The basic non-technical text on the topic of quantum electrodynamics (the quantum field theory of electrodynamics) is Richard Feynman’s QED: The Strange Theory of Light and Matter. Feynman was, of course, one of the founders of modern QED theory and it is usually identified specifically with him in the public consciousness (or at least, the tiny minority of the public that is conscious of it at all) because of his eponymous diagrams, although many others, including Freeman Dyson, John Wheeler, Eugene Wigner, Pascual Jordan, Robert Oppenheimer, Hans Bethe, and of course Julian Schwinger and Sin-Itiro Tomonaga contributed substantially to the theory as well. QED is about the clearest non-technical treatment, which is not to say that it makes the topic completely clear, as I detail more below.
Tony Zee’s Quantum Field Theory in a Nutshell is certainly an easier read than most textbooks I’ve found on QFT, but I wouldn’t describe it as being for the nonspecialist; it still covers the material at a graduate student level (although shifting quickly past some of the uglier mathematics). Murray Gell-Mann and Yuvan Ne’eman’s The Eightfold Way is probably somewhat more accessible as essentially a reprint of the fundamental papers that led to the development of the Standard Model with explanations and clarifications by the book authors. The canonical reference for QFT is, of course, Steven Weinberg’s three volume The Theory of Quantum Fields, but these are definitely texts for the physicist.
As for the difficulty in describing QFT in “layman’s terms”: whereas discrete particle quantum mechanics can at least be described as at least roughly analogous to something we experience everyday–waves in water, for instance–QFT gives rise to a whole host of phenomena that are completely and utterly absurd. This is because any field will have a very large, possibly infinite number of degrees of freedom, making the problem seemingly unsoluable. Feynman et al did an end run around this problem by essentially declaring it to be a purely mathematical construct and that by quantizing the “self-energy” of the field around a particle locus–that is, in the case of QED the cloud of virtual photons swimming around an electron which makes up its EM field–can only have certain quanta of energies. This and the need for rotationaly symmetry gives rise to a limit to the number of quanta that can have any “real” energy, conceptually not dissimilar to Planck’s solution to the ultraviolet catastrophe (i.e. that per the Rayleigh-Jeans classical formulation a blackbody should radiate all the way up to infinity with increasing energy in each little bit of the spectrum, summing to infinite energy). This is the “second quantitization” in QFT, and it basically allows you to cancel out all the impossibilities using a method called renormalization until you are left with not only a real quantity, but precisely–to our limit of measurement–the exact quantity that occurs, which is an phenominally accurate prediction.
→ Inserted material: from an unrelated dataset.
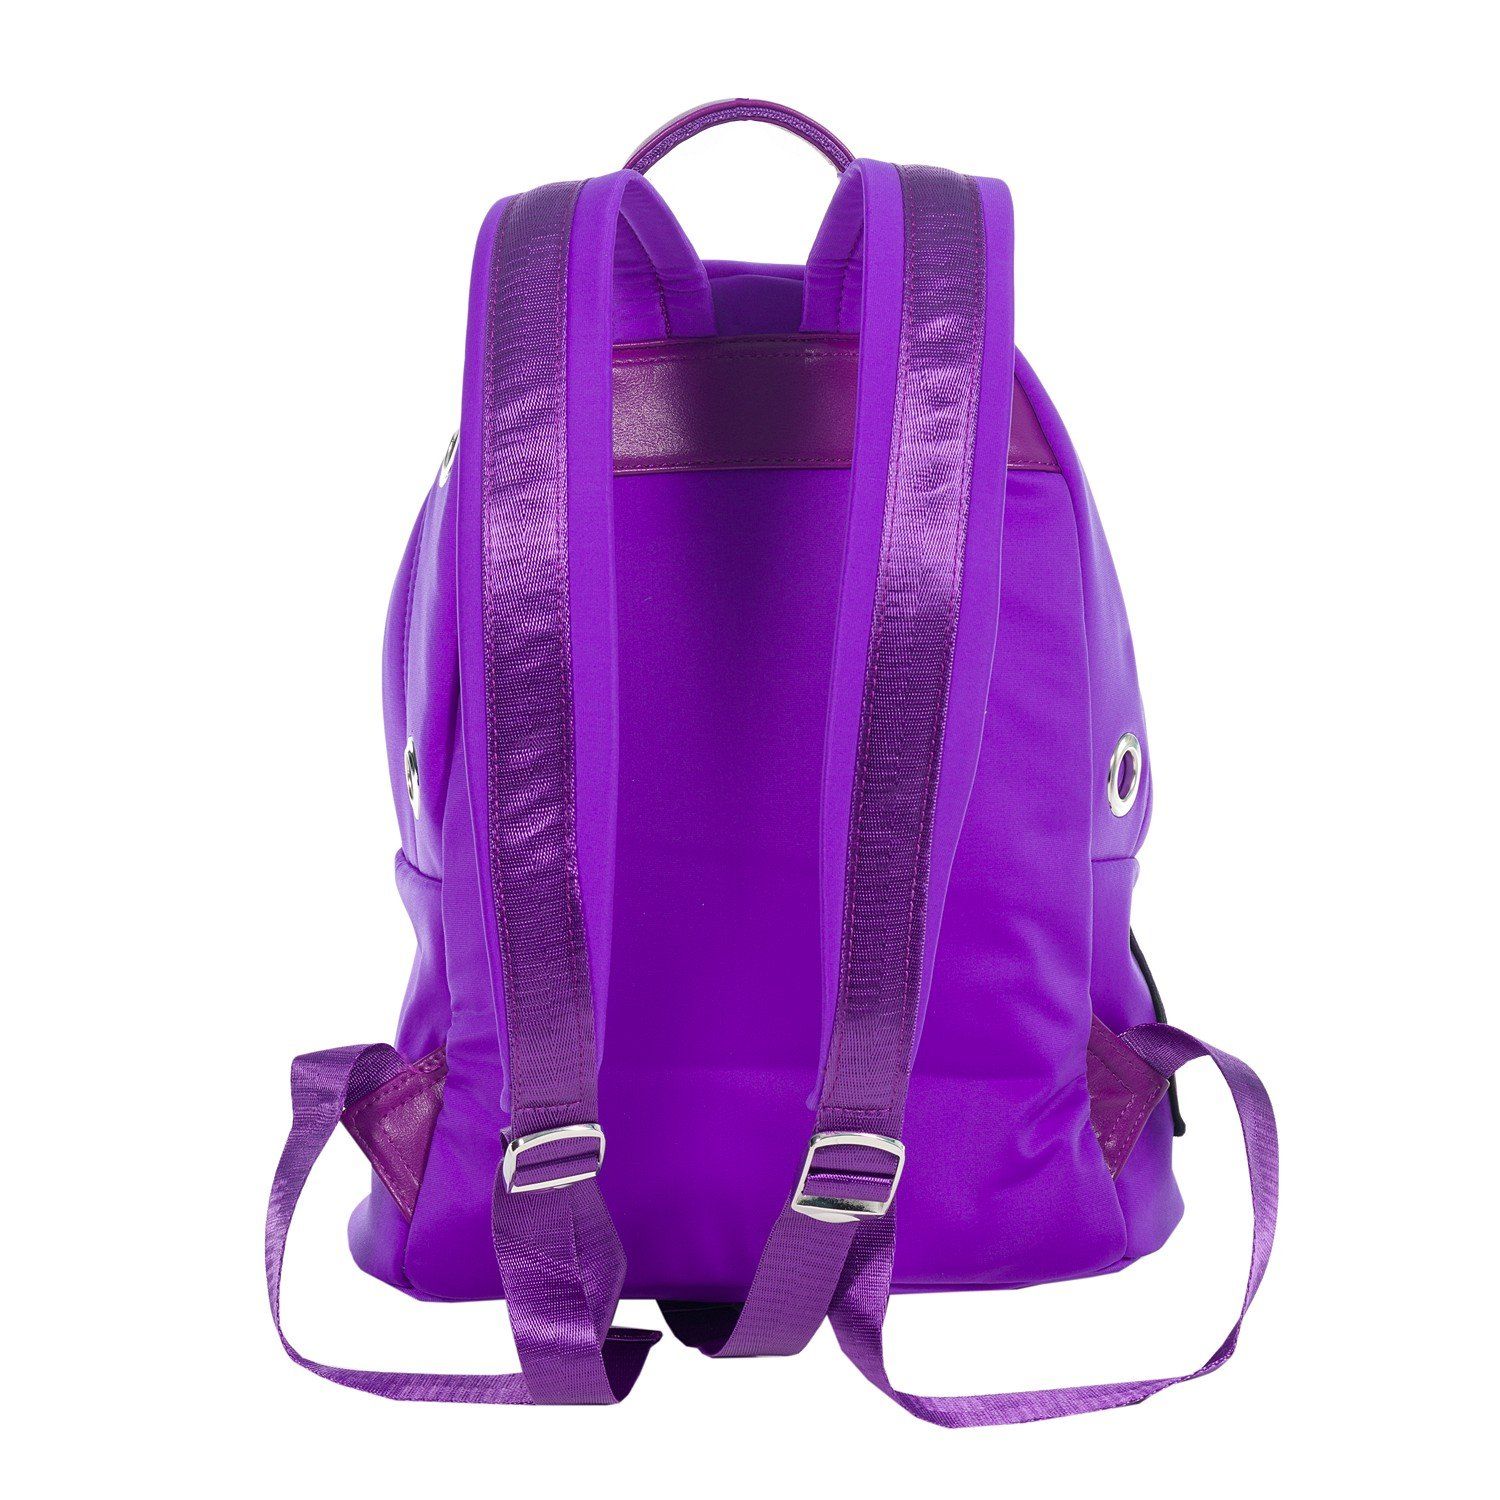 Рюкзак женский городской, фиолетовый, с широкими лямками, объем 19 л

The only problem is that you end up doing some mathematical handwaving to get to the solution which. Just as Planck assumed his quantization of light was nothing more than a mathematical formalism describing some more complex and (to him) hopefully continuous phenomena, Feynman and others doubted that QED, despite its predictions, was a complete theory; that hidden behind renormalization was some actual mechanism that doesn’t require cutting space up in bits or dividing out the infinities to get a finite result. When you try to explain all this in terms of someone whose mathematical grounding goes only up to integral calculus and differential equations (pretty much everyone except for mathematicians and physicists) it comes out as complete gibberish that would get you a big red “0” on an algebra exam.
And that’s QED; quantum chromodynamics–the interactions between nucleon particles and their components–is even worse, with particles that can’t be found or played with except in prohibitively energetic reactions, and gauge boson force carriers that don’t even function on any distance we can observe. Photons at least have a manifestation that we can literally see; gluons and quarks may, as far as we can actually measure, be as fictional as the characters in Finnegan’s Wake, and the theory nearly as impenetrable. (Gell-Mann once made the mistake of referring to quarks as “fictitious”, meaning that their binding energies were such that they could not exist in an unconfined state; this was unfortunately taken out of context and intrepreted that Gell-Mann didn’t believe in their existence at all.) The only good thing one can say about QCD is that the math gives very consistent results and has permitted the formulation of a coherent quantum theory of fields for the subnuclear interactions. It has even led to unification between electrodynamics and the weak nuclear interaction, and gone quite a way toward integrating the strong nuclear force to give a unified field theory. (Gravity, on the other hand, hangs way out there like the black sheep ex-felon brother that everybody invites to Chrismas dinner hoping that he won’t show up.)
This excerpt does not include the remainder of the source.